На самом деле, современное либеральное общество – это торжество бюрократии. Такой, какой наш мир еще не знал. Я уверен, что самое свободное общество – то, в котором любая личность имела шанс на расцвет и развитие – это был Советский Союз 1970-80-х годов. Государство было настолько примитивным и абсурдным, что, по сути, представляло собой политический каркас системы, в которой царила свобода. Сделал в шаг в сторону - попадал в любой мир, который захочешь. Тут тебе Солженицын, тут - буддизм, тут - любовь в любой интерпретации. Все это можно было позволить, если ты не член партии и не сидишь на какой-нибудь ответственной работе. Я мог сесть на поезд и поехать в Душанбе: четыре часа дороги вместе с интересными собеседниками, колхозницами, например, - и ты попадал в Памир, встречался с настоящими суфиями. А в поле зрения ГБ попадал только тот, кому очень уж хотелось поработать с радио «Свобода».

Так вот, настоящая свобода была у нас, потому что даже американским хиппарям такой рай не снился: чтобы можно было, например, за три рубля доехать автостопом от Москвы до Иркутска. У них все равно в каждом городе церковь, полиция. Кроме того, каждый американец обязан быть членом какого-то общества: стрелков, баптистов, фермеров и т.п. В России и сейчас нет государства – нет нормального суда, делопроизводства, и у нас человек без бумажки вполне может чувствовать себя не букашкой, а человеком. Иное дело – Штаты или Франция, где от налоговых органов ты не скроешься ну никак.

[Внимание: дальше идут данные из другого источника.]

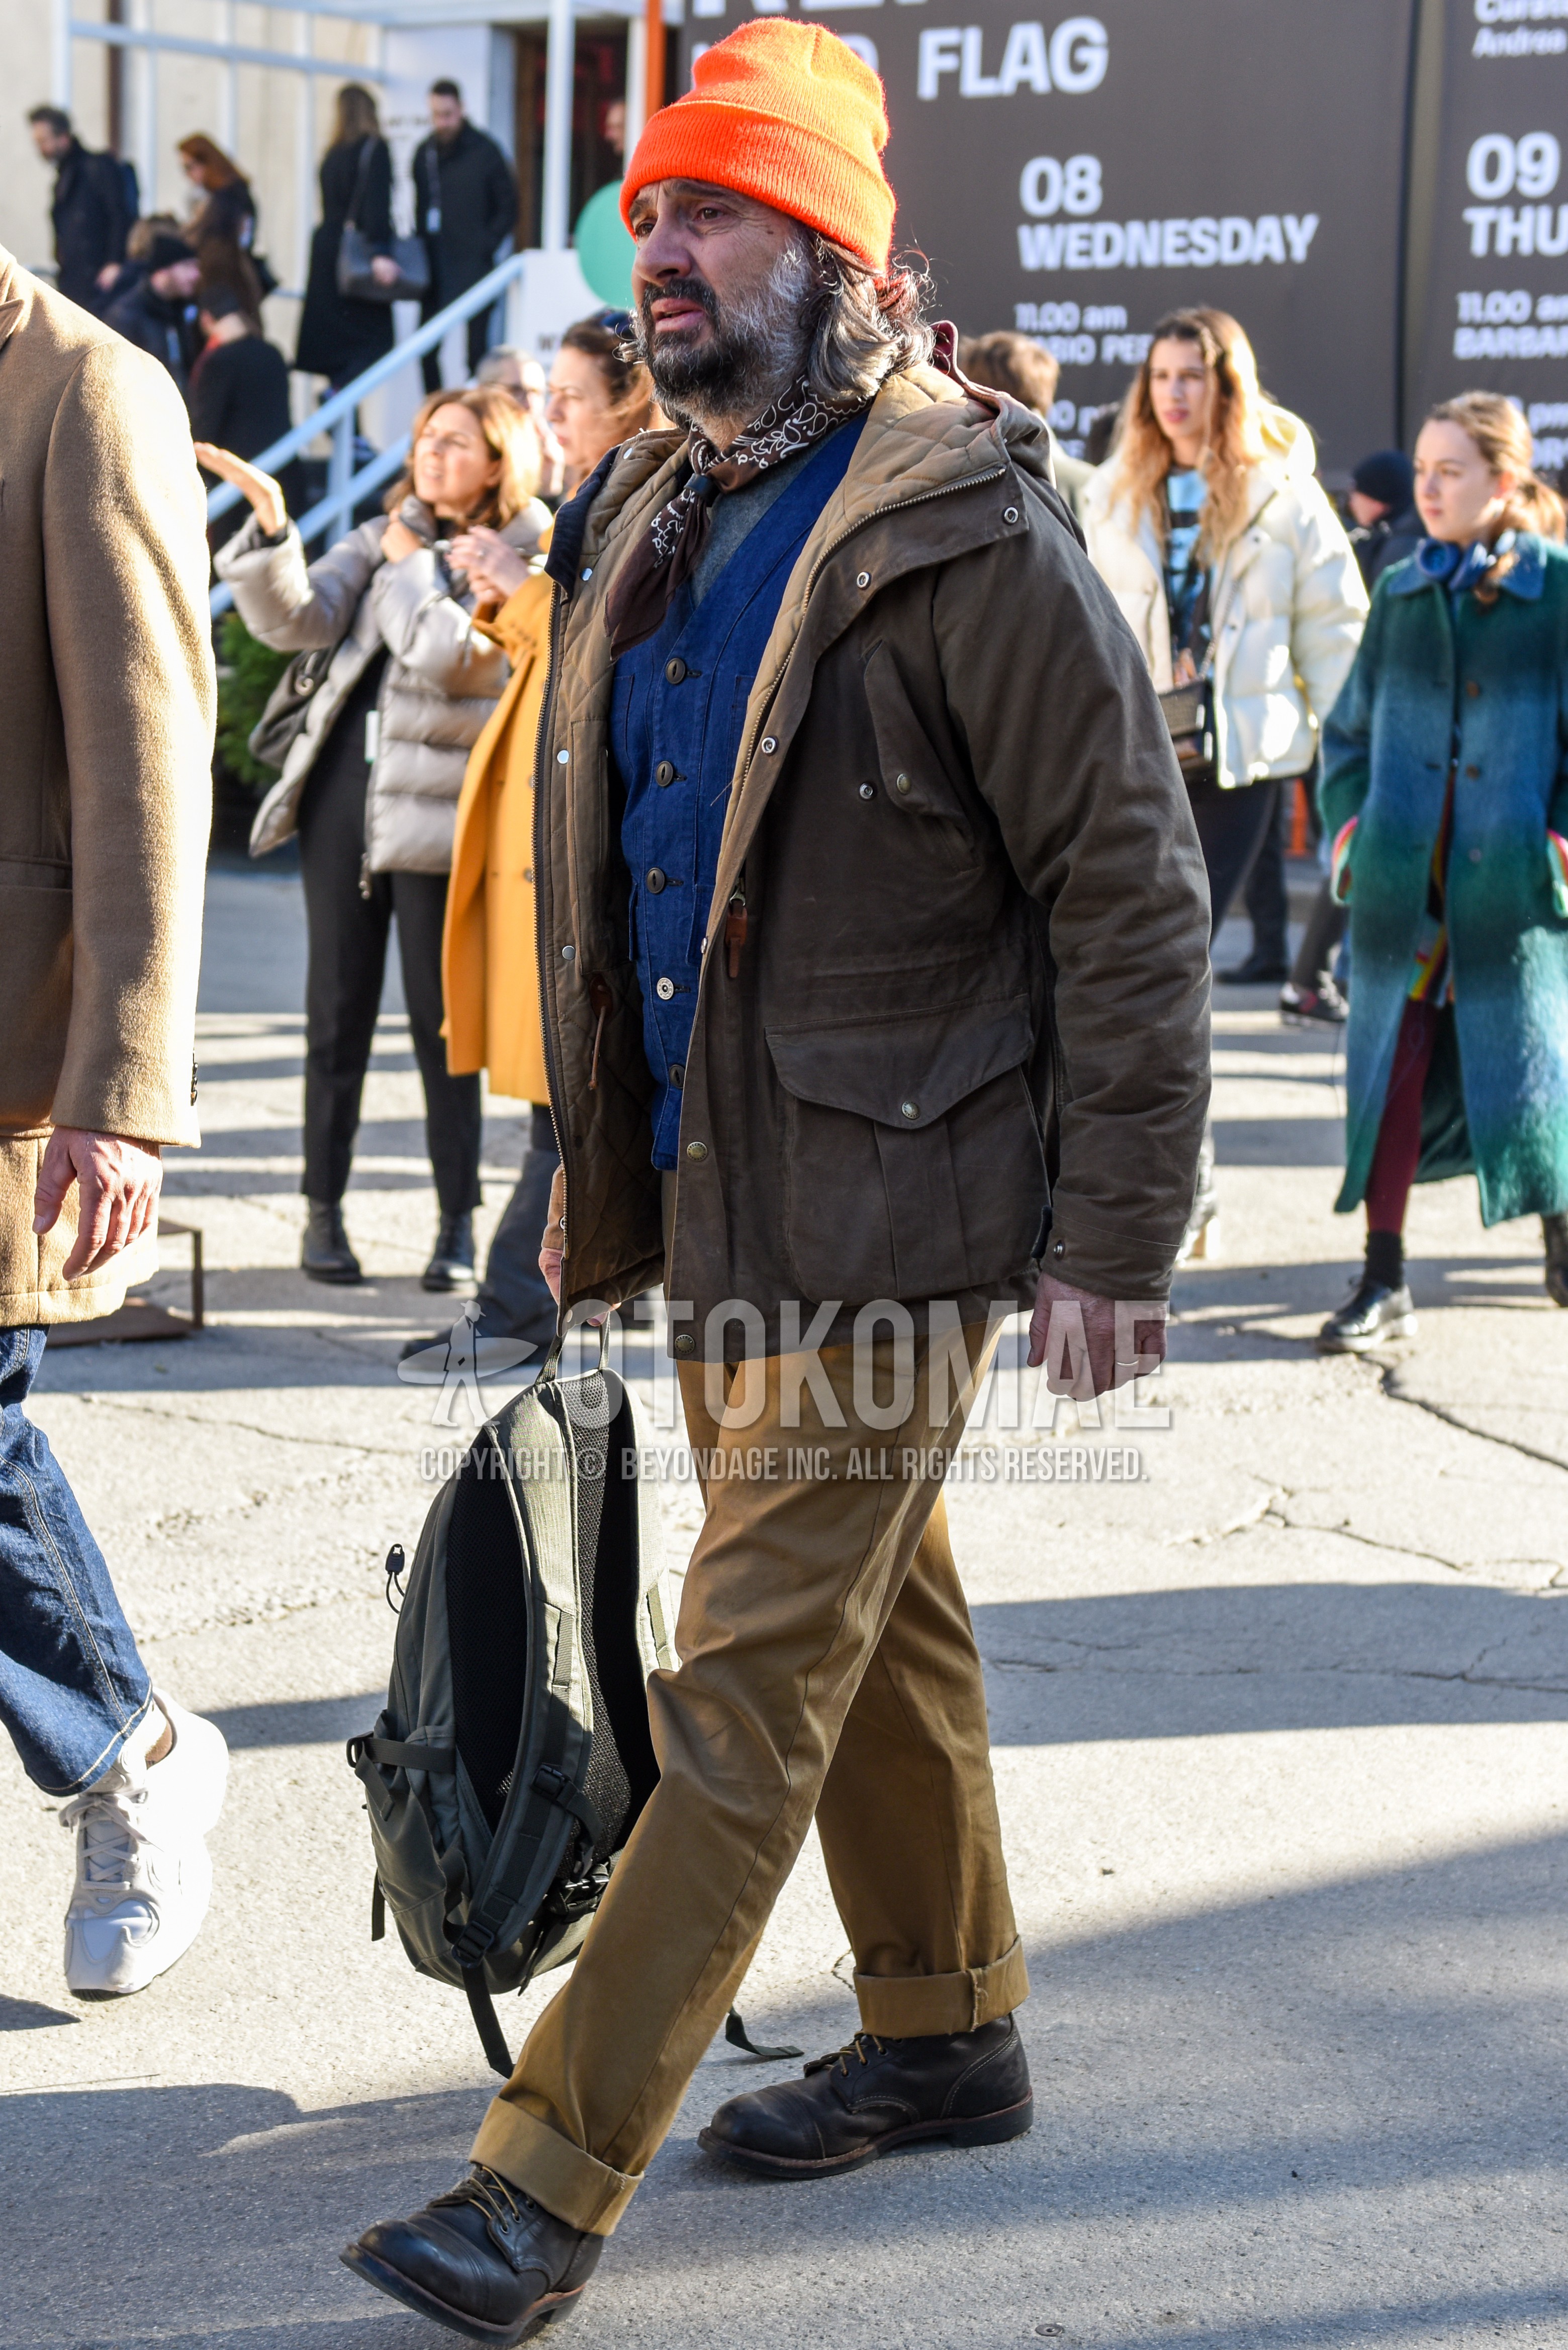 Men's autumn winter outfit with orange plain knit cap, brown paisley bandana/neckerchief, beige plain hooded coat, gray plain t-shirt, blue plain gilet, beige plain chinos, brown  boots, gray plain backpack.

Любое либеральное общество страшно бюрократизировано. Мир не знал такой бюрократии, которая существует в современной демократии. Мы остаемся не личностями, а только феноменами социального развития. Хоть чиновники и освобождают нас от разных хлопот по обустройству, это не значит, что нам дали возможность выбирать, кем мы хотим быть. Наша жизнь интерпретируется социологией, политологий и в конечном итоге обезличивается.

Я знаю людей, которые мертвы еще при жизни. У них нет возможности учиться, развиваться, потому что они с детства – заложники окружающего их криминального, маргинального мира. Да, в либеральном обществе нет смертной казни. Но людей, которые так и не проживут свою жизнь только потому, что на них всем наплевать, в этом обществе гораздо больше. А ранняя физическая смерть - она, знаете ли, не страшна. Умирая на войне, 18-летние парни становятся героями фильмов и книг и остаются с нами вечно. Христос знал это, поэтому выбрал смерть, а не спокойную жизнь с Марией Магдаленой. И Джордано Бруно, если бы не сгорел на костре, был бы известен только историкам и астрономам.

Человек, которого не страшит физическая смерть, который осознает себя в вечности, между бытием и небытием, внутренне сопротивляется всем аспектам современного мира: информационным, социальным и культурным. И я очень рад, что состоялась выставка Icons, потому что это первая за многое время попытка художников подойти к сакральному без глумления.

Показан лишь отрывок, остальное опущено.